Local tax court of Düsseldorf rules on transfer of trade tax loss carryforwards following collapse merger of partnership

In a case decided by the local tax court of Düsseldorf (case reference: 11 K 3637/09), a German group streamlined its group structure by merging two corporations that were the sole partners of a limited partnership: the general partner with a 0 % participation was merged into the limited partner with a 100 % participation, with retroactive effect to the end of the previous fiscal year. As a result, the partnership collapsed because, under German civil law, a partnership must have at least two partners or it ceases to exist. The limited partnership had loss carryforwards for trade tax purposes. The tax authorities argued that those loss carryforwards should have been forfeited because of the collapse merger.

In general terms, a partnership is entitled to use trade tax loss carryforwards only if the loss-using partnership is identical to the partnership that incurred the losses.

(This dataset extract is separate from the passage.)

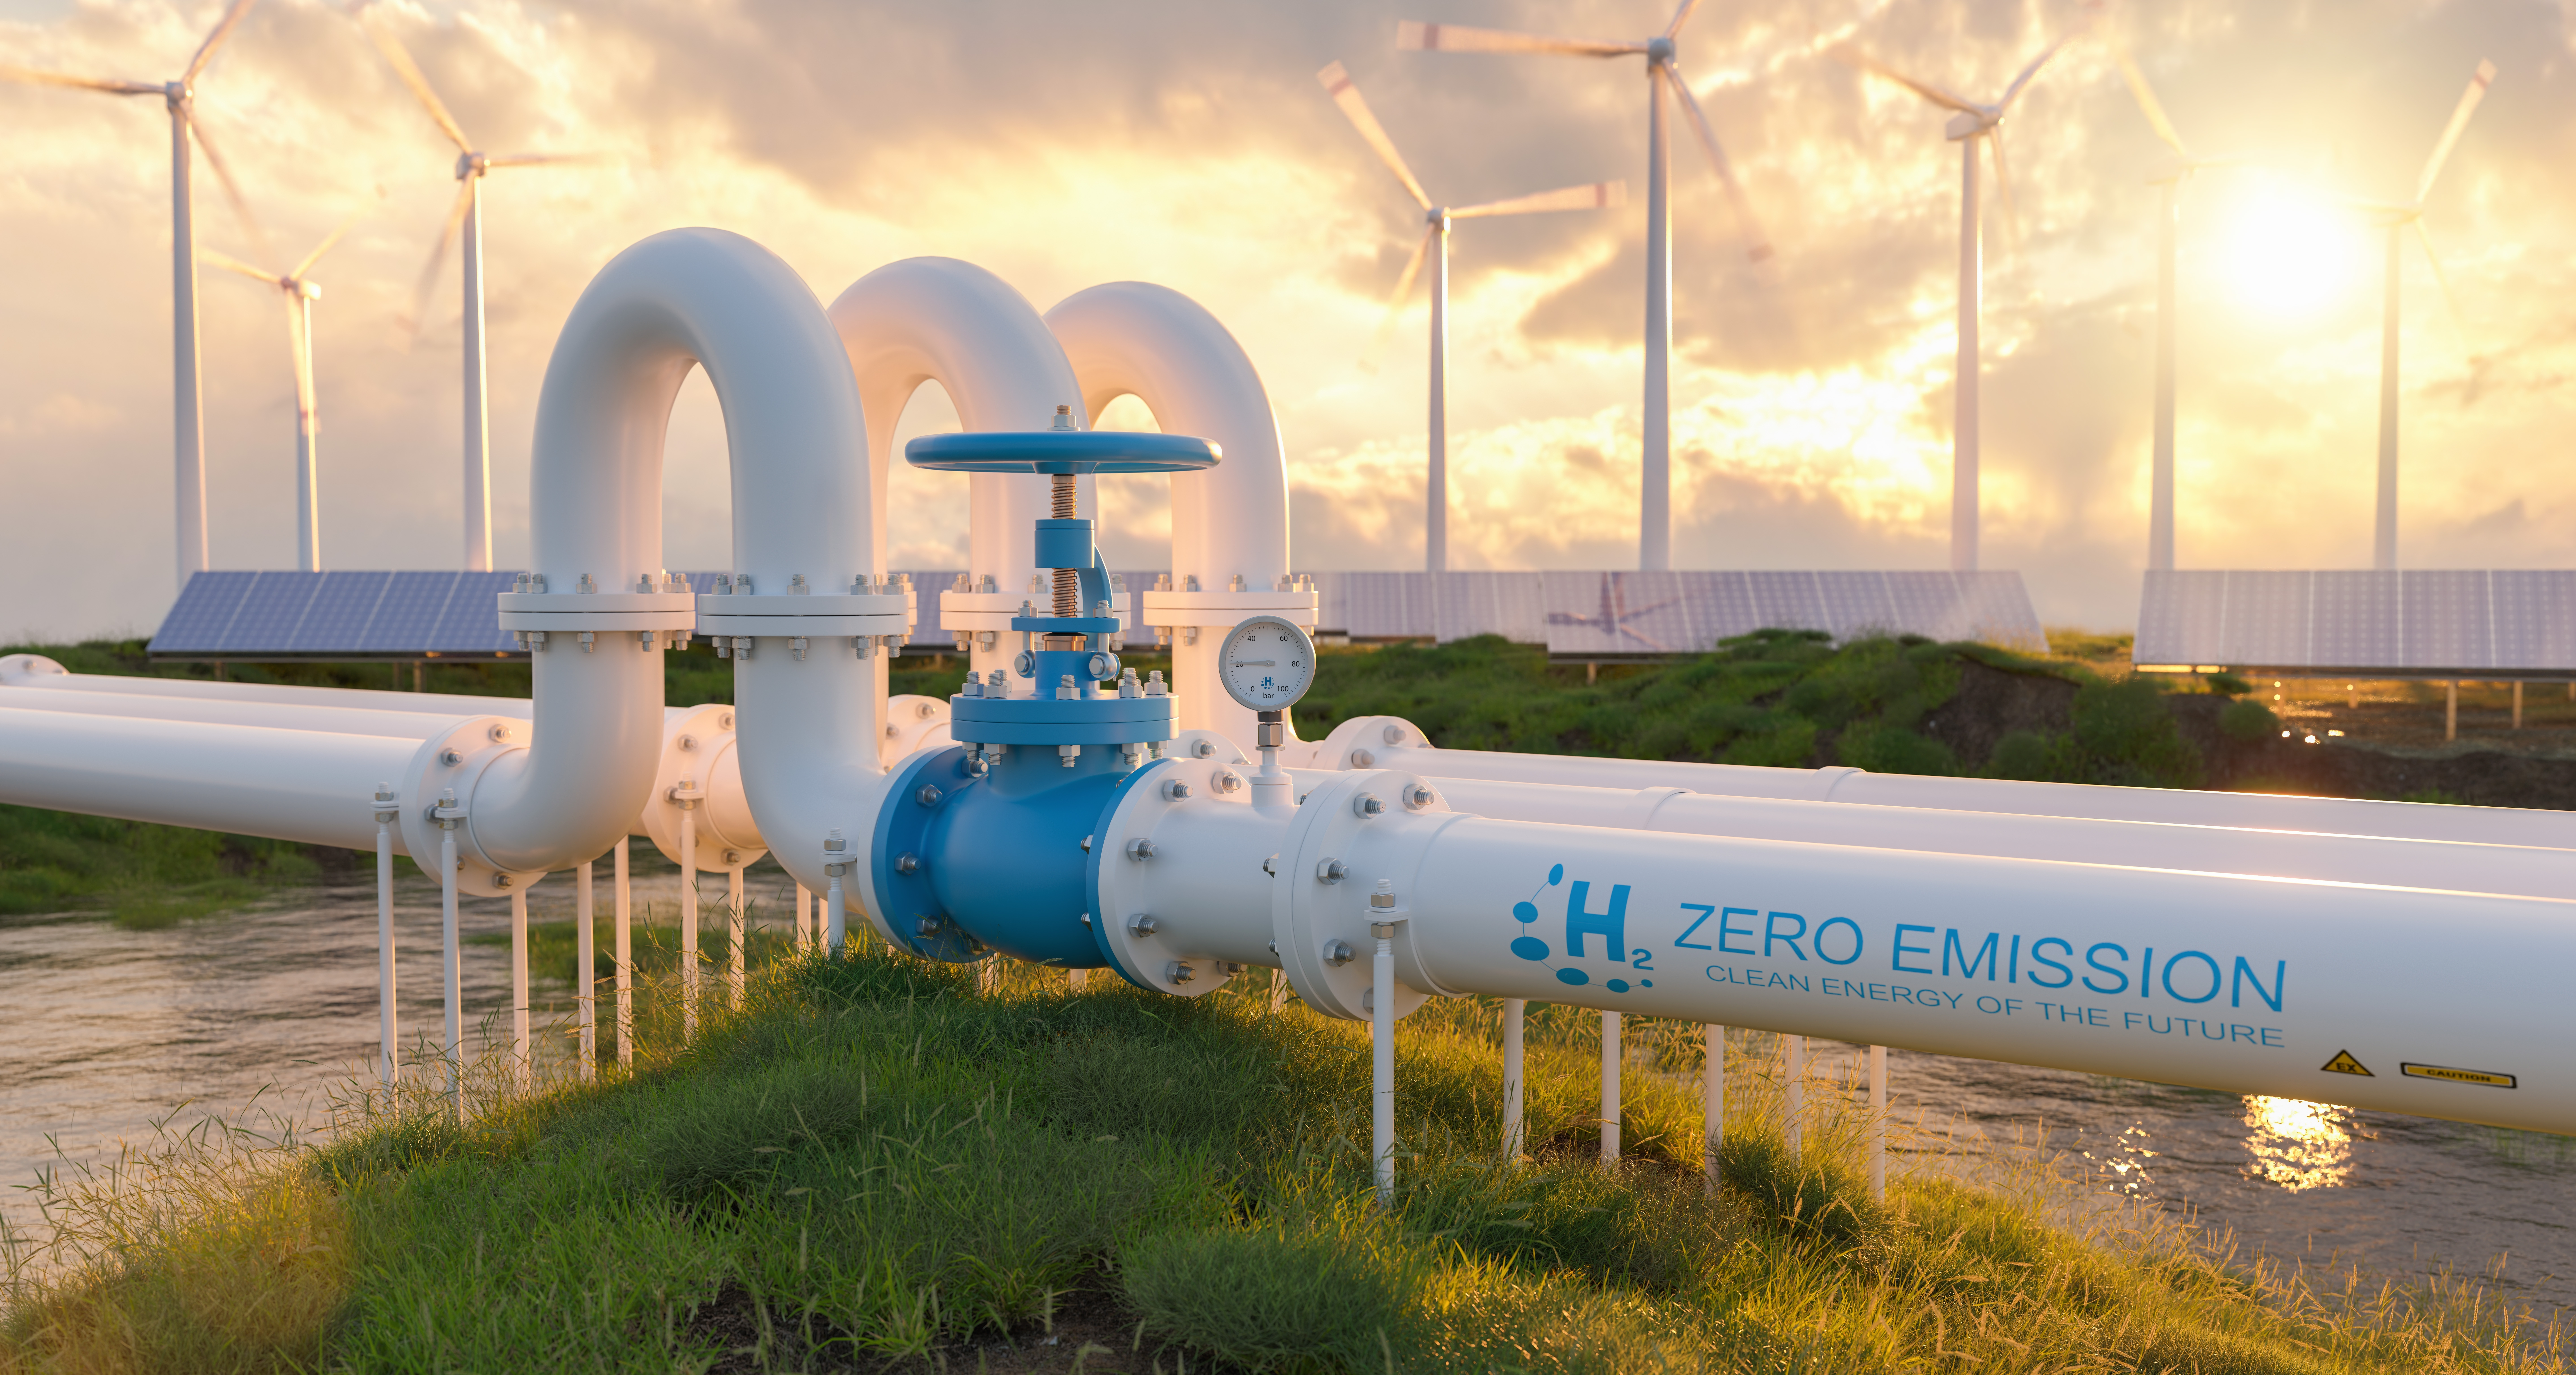 A pipe that reads "H2 Zero emission" with wind turbines in the background.
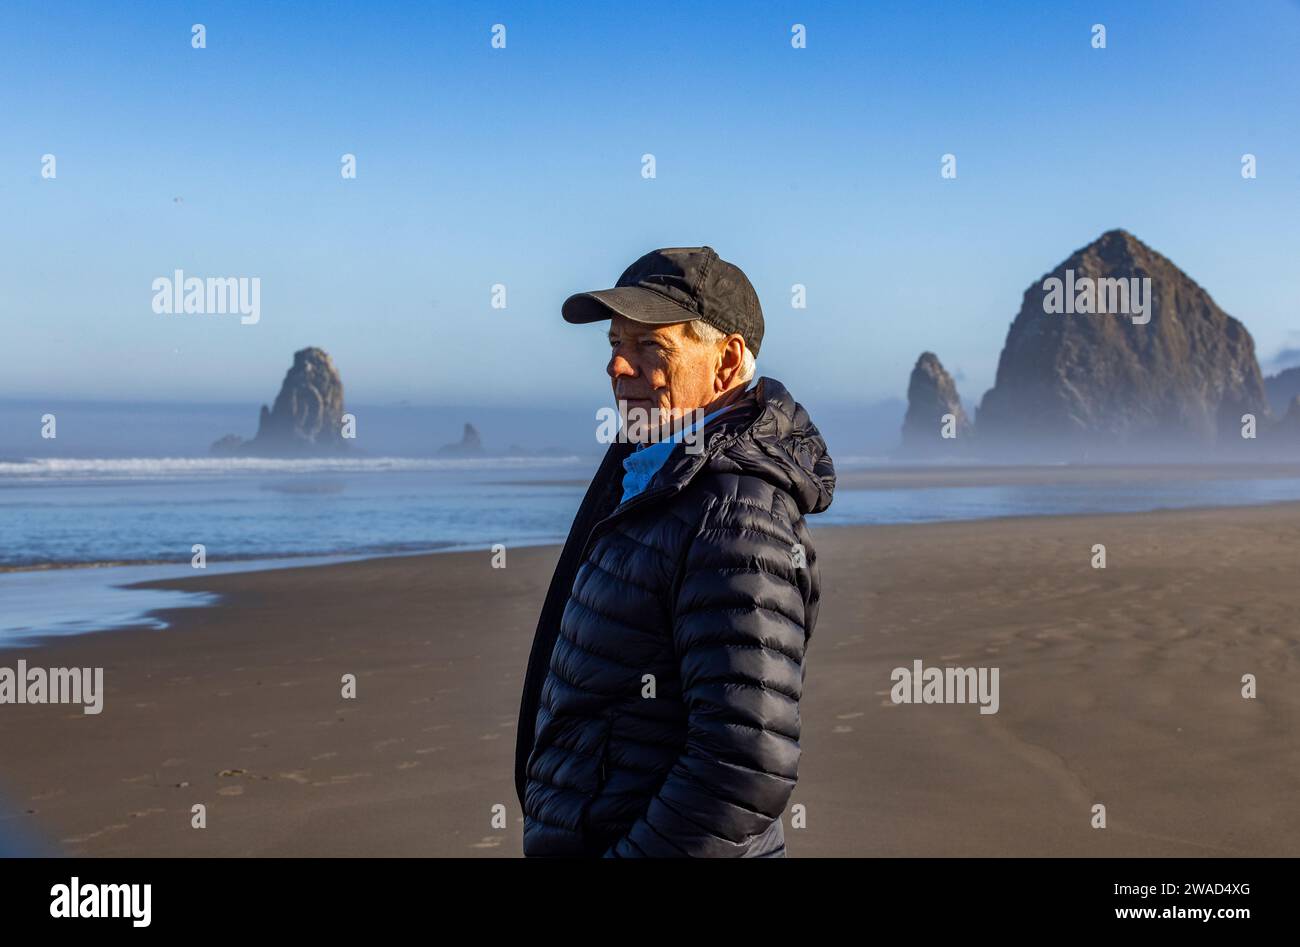 USA, Oregon, Man standing near Haystack Rock at Cannon Beach in morning mist Stock Photo

Consequently, the change of partners results in a partial or total forfeiture of the loss carryforwards. According to the local tax court, the transfer of the partnership’s business to the 100 % limited partner safeguards the identity of the business (no harmful change). The court also clarified that the business that incurred the loss carryforwards must exist only at the time of the transfer: it is not necessary that the business be carried on after the collapse merger (i.e. the loss carryforwards survive even if the partnership’s (former) business is sold).

From a timing perspective, the court clarified that the collapse merger benefits from the retroactive effect of the merger of the corporate partners in the case. The collapse merger into the surviving limited partner is a mandatory consequence. Accordingly, the partnership ceases to exist once the merger of the partners becomes effective for tax purposes. The tax court did not allow an appeal of its decision.